→ **What this task involves**
Leaving the pictures aside, transcribe the data below exactly.

→ **Stored data**
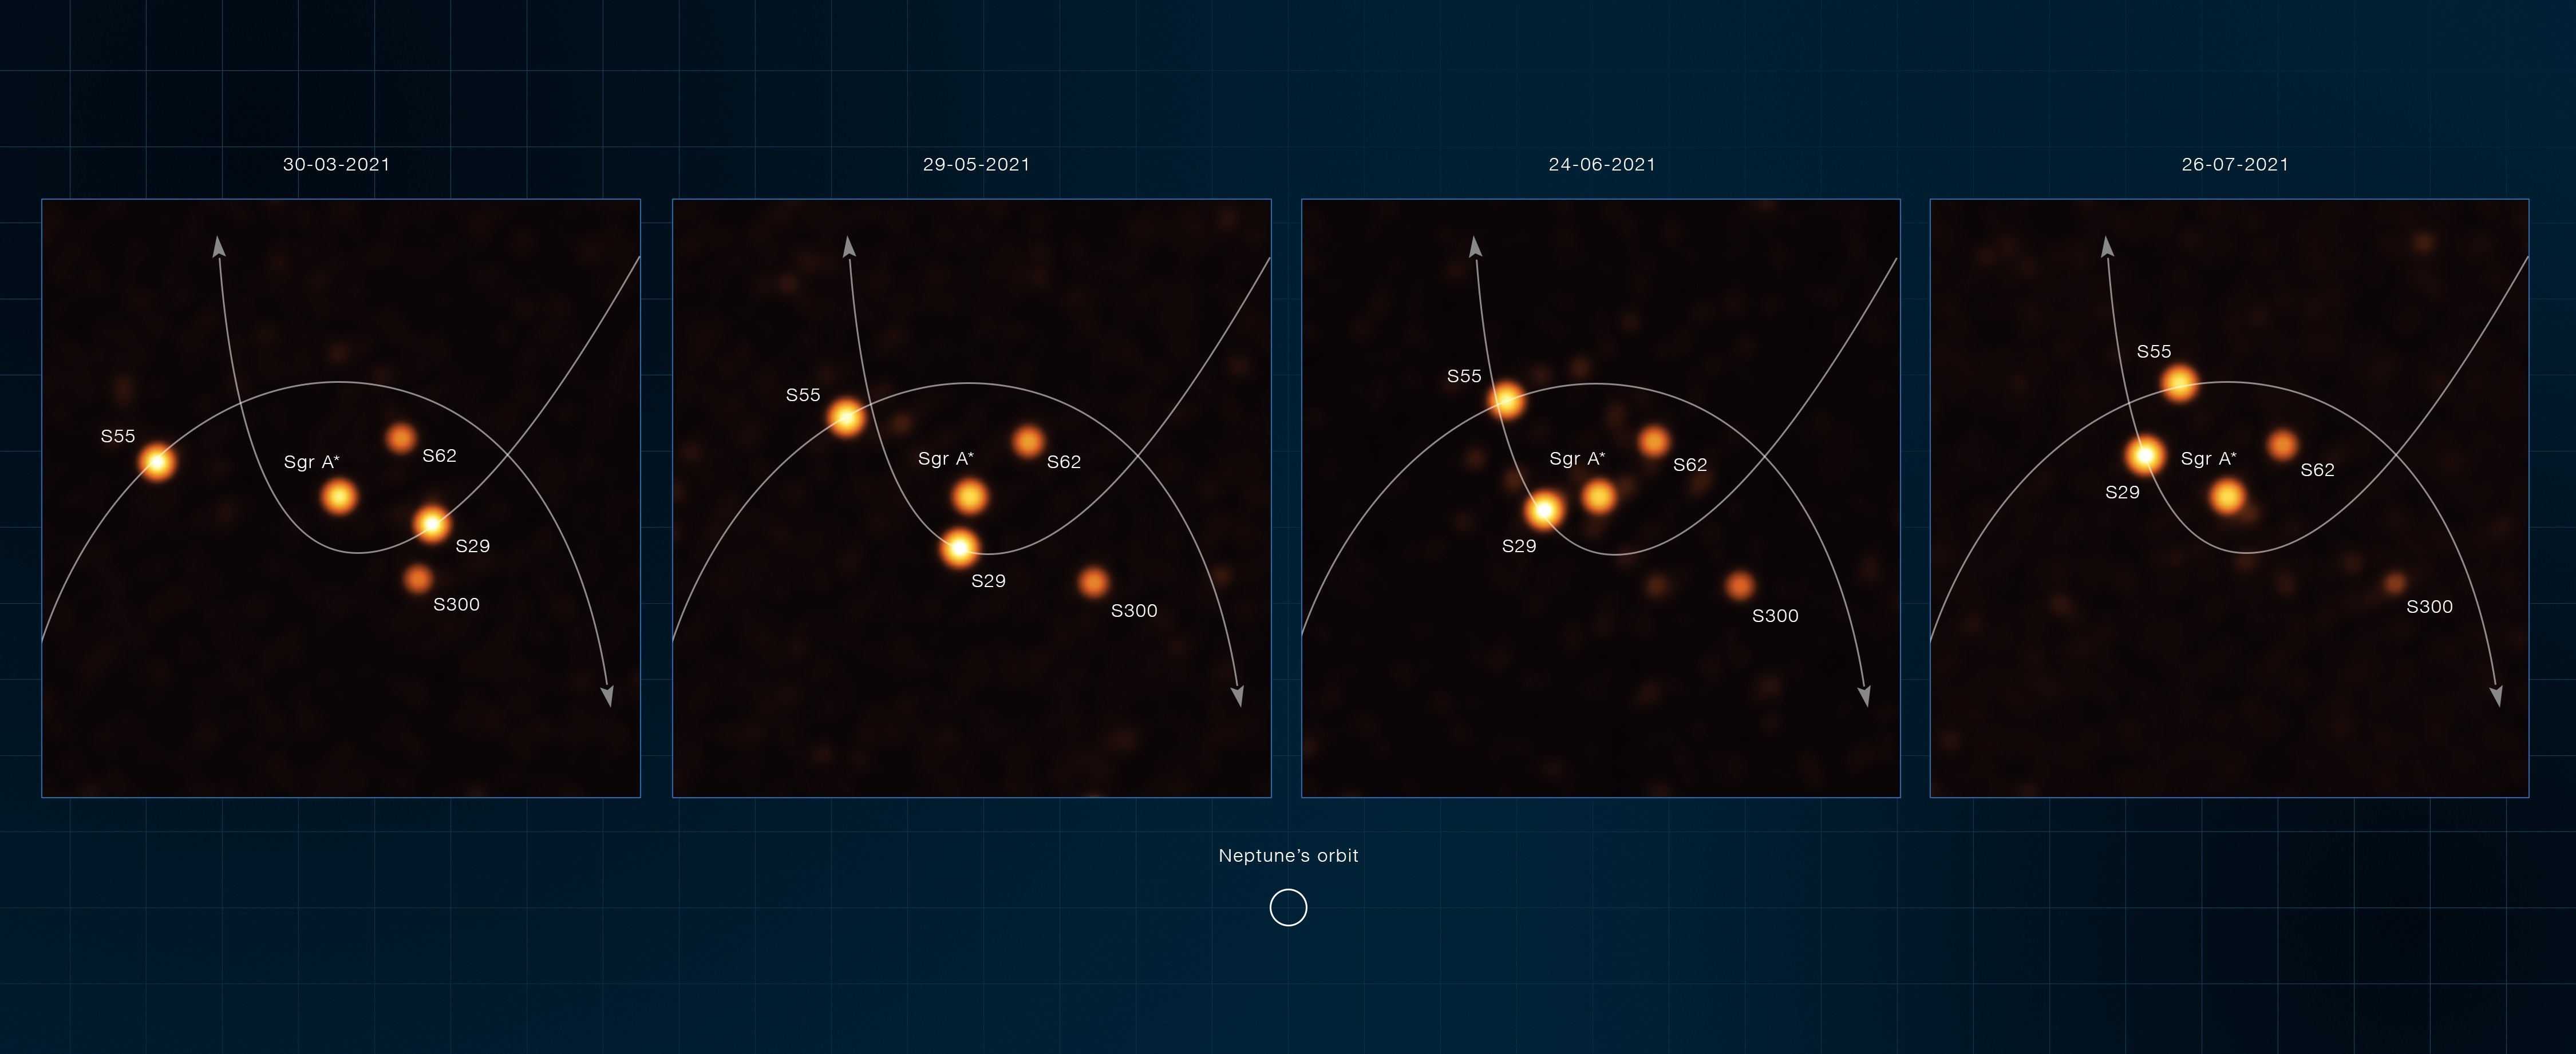 Imágenes que muestran estrellas orbitando muy cerca de Sagitario A*, el agujero negro supermasivo en el corazón de la Vía Láctea. EFE/ESO/Gravity collaboration/Foto cedida
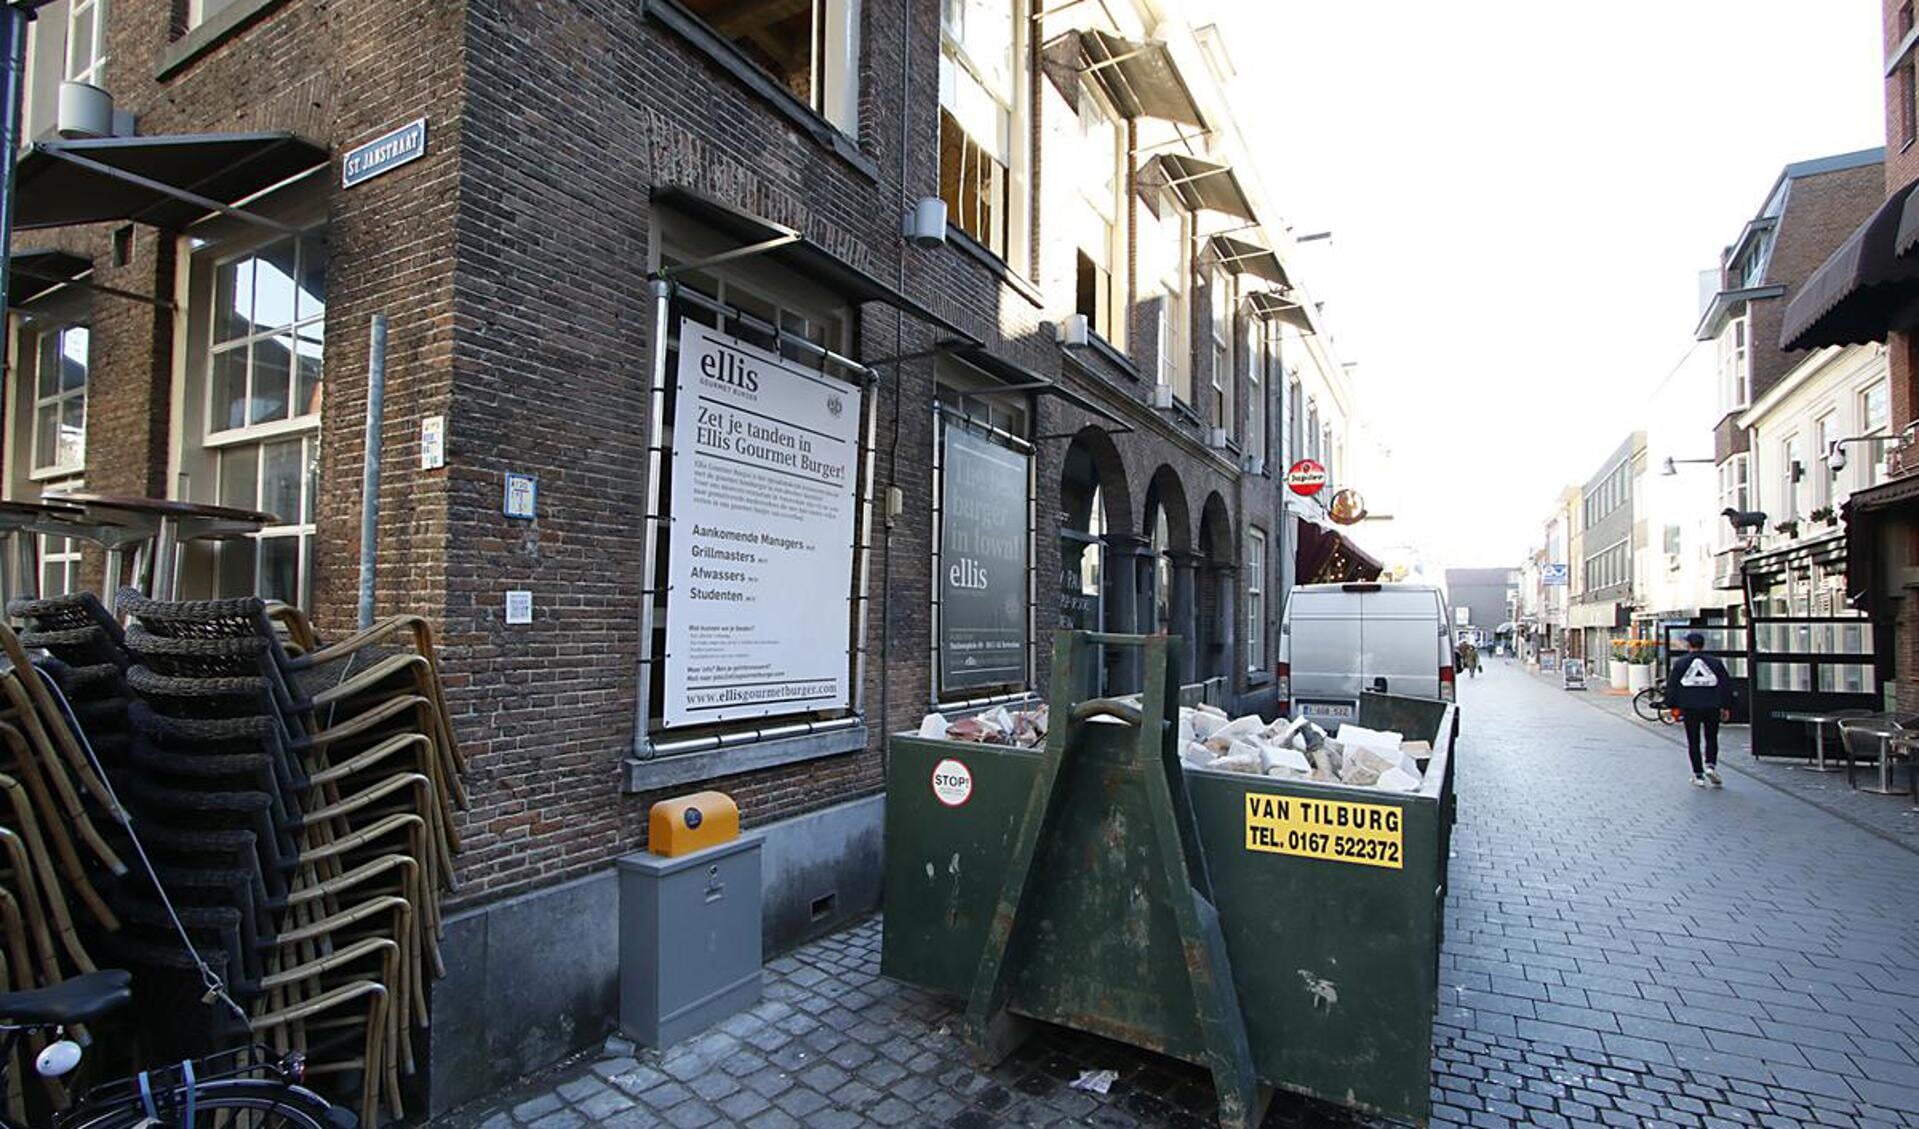 De van oorsprong Belgische burgerketen Ellis Gourmet Burger opent aan het begin van de lente een vestiging in Breda.
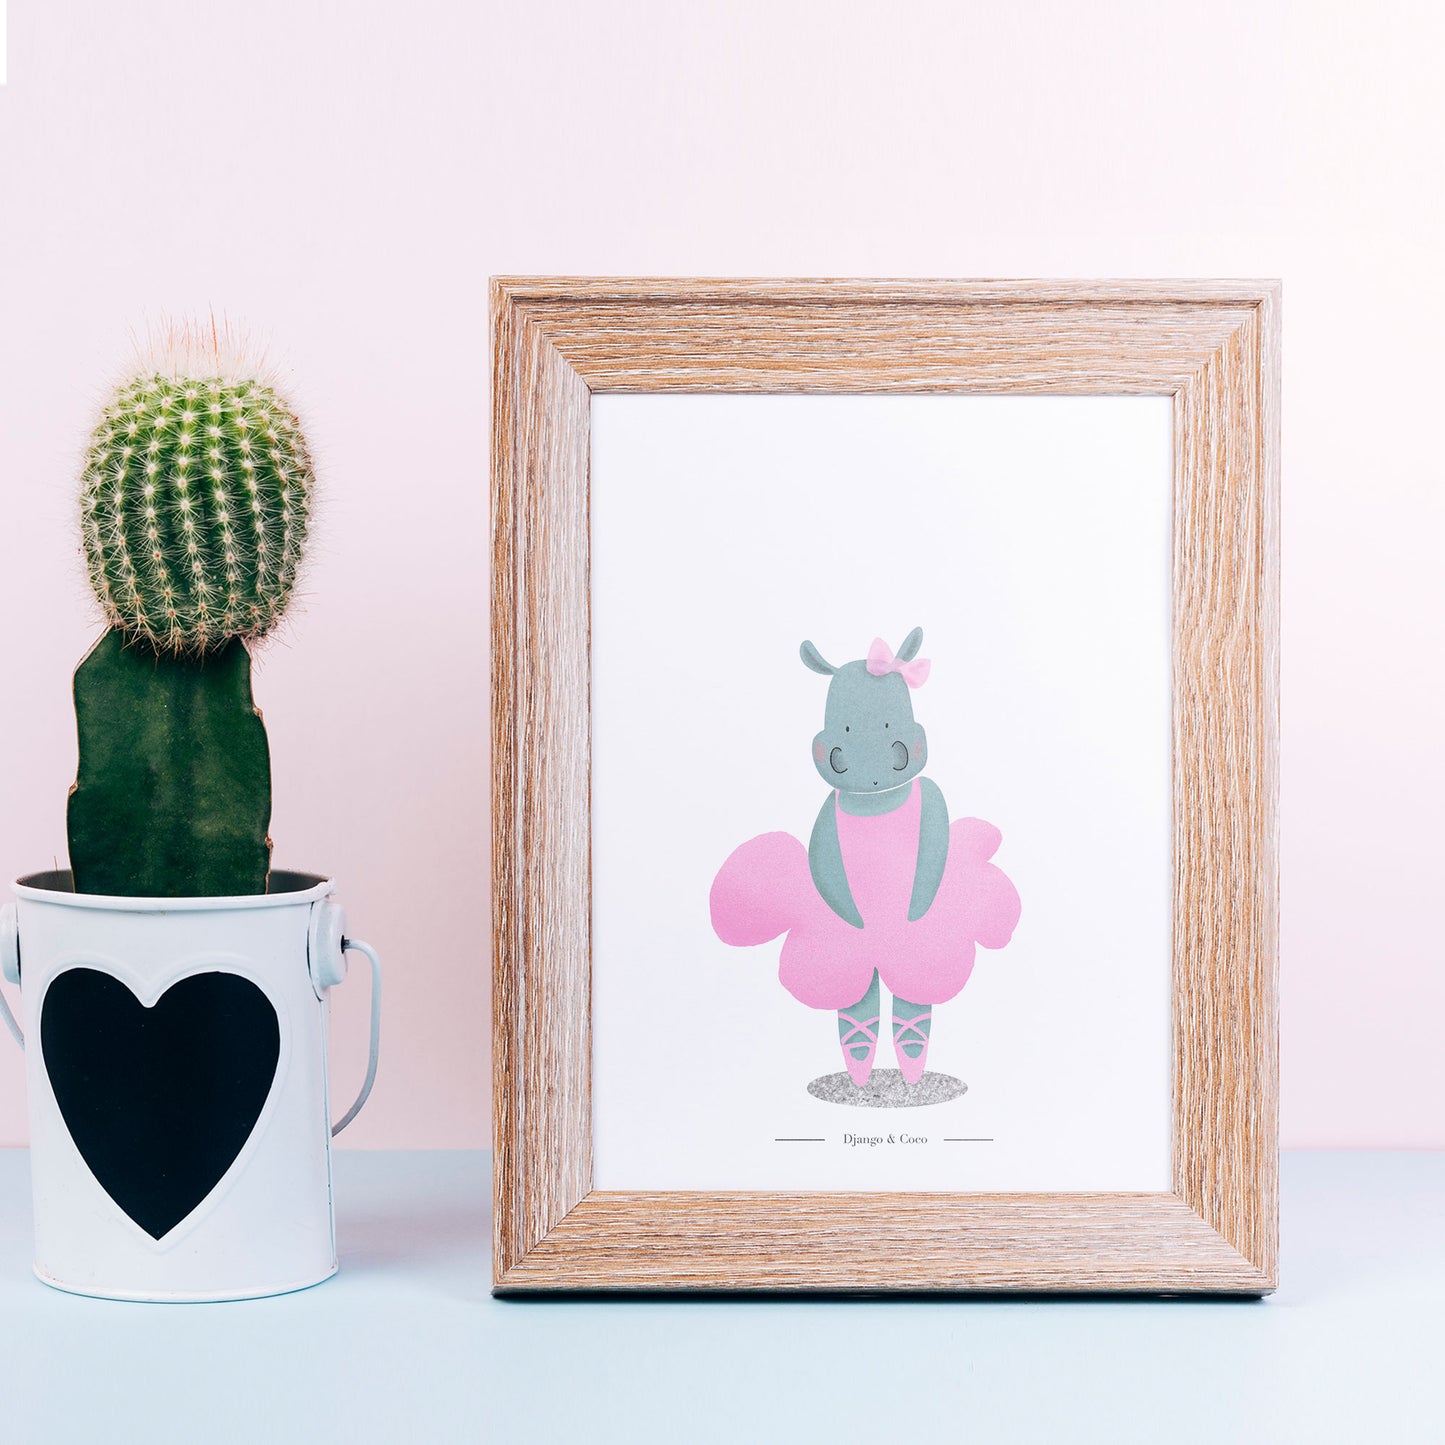 hippopotamus ballerina in a frame and a cactus
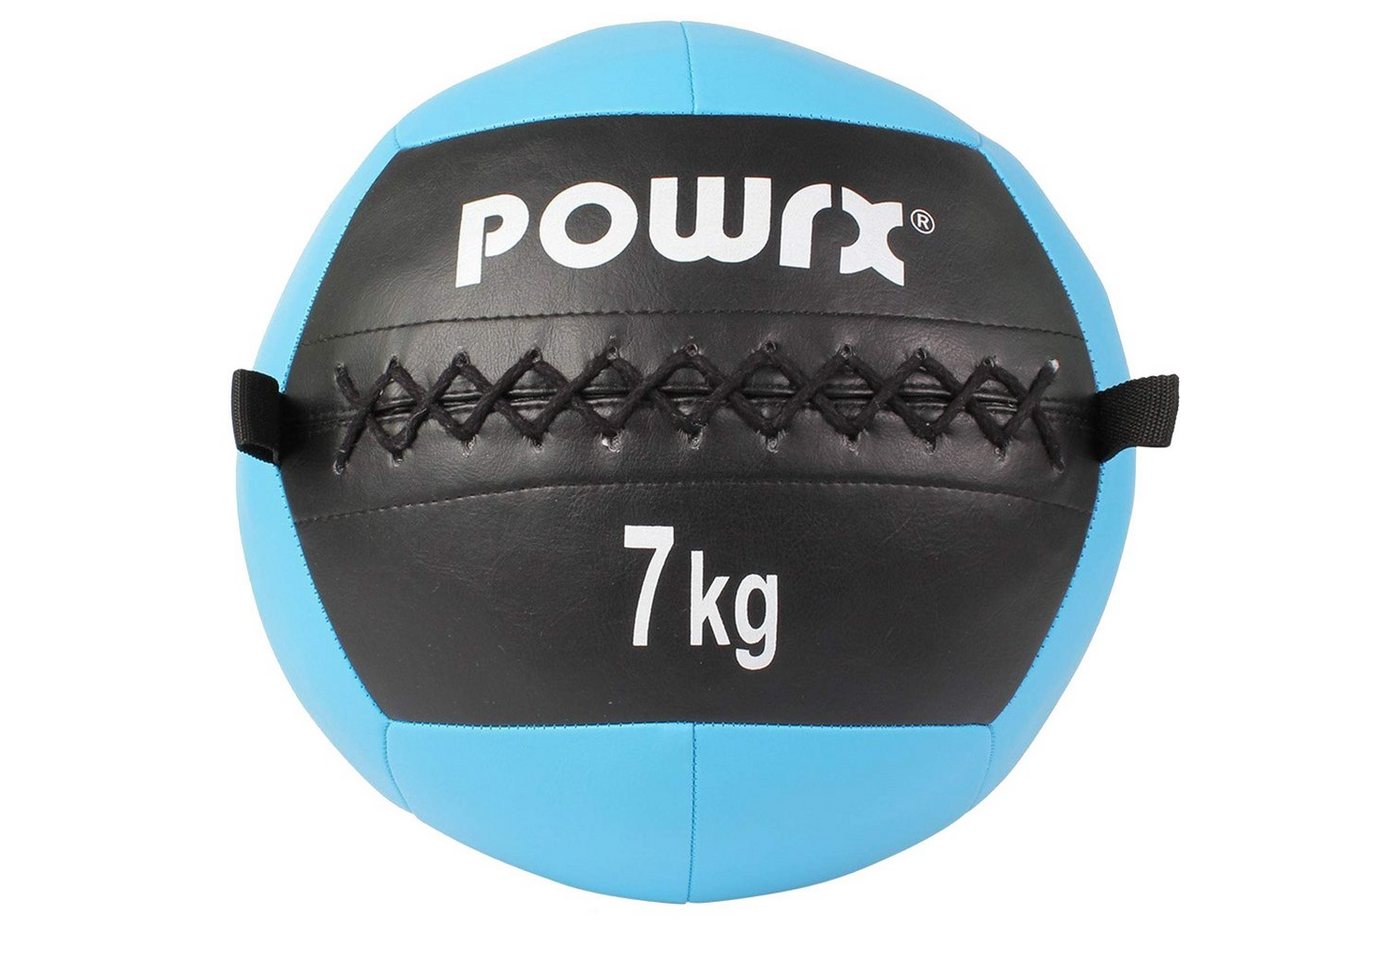 POWRX Medizinball Gewichtsball 2-10 kg, versch. Farben (7 kg/Cyan), 7 Kg / Cyan Kunstleder von POWRX

→ **Written answer**
 Imágenes que muestran estrellas orbitando muy cerca de Sagitario A*, el agujero negro supermasivo en el corazón de la Vía Láctea. EFE/ESO/Gravity collaboration/Foto cedida
 De van oorsprong Belgische burgerketen Ellis Gourmet Burger opent aan het begin van de lente een vestiging in Breda.
 hippopotamus ballerina in a frame and a cactus
 POWRX Medizinball Gewichtsball 2-10 kg, versch. Farben (7 kg/Cyan), 7 Kg / Cyan Kunstleder von POWRX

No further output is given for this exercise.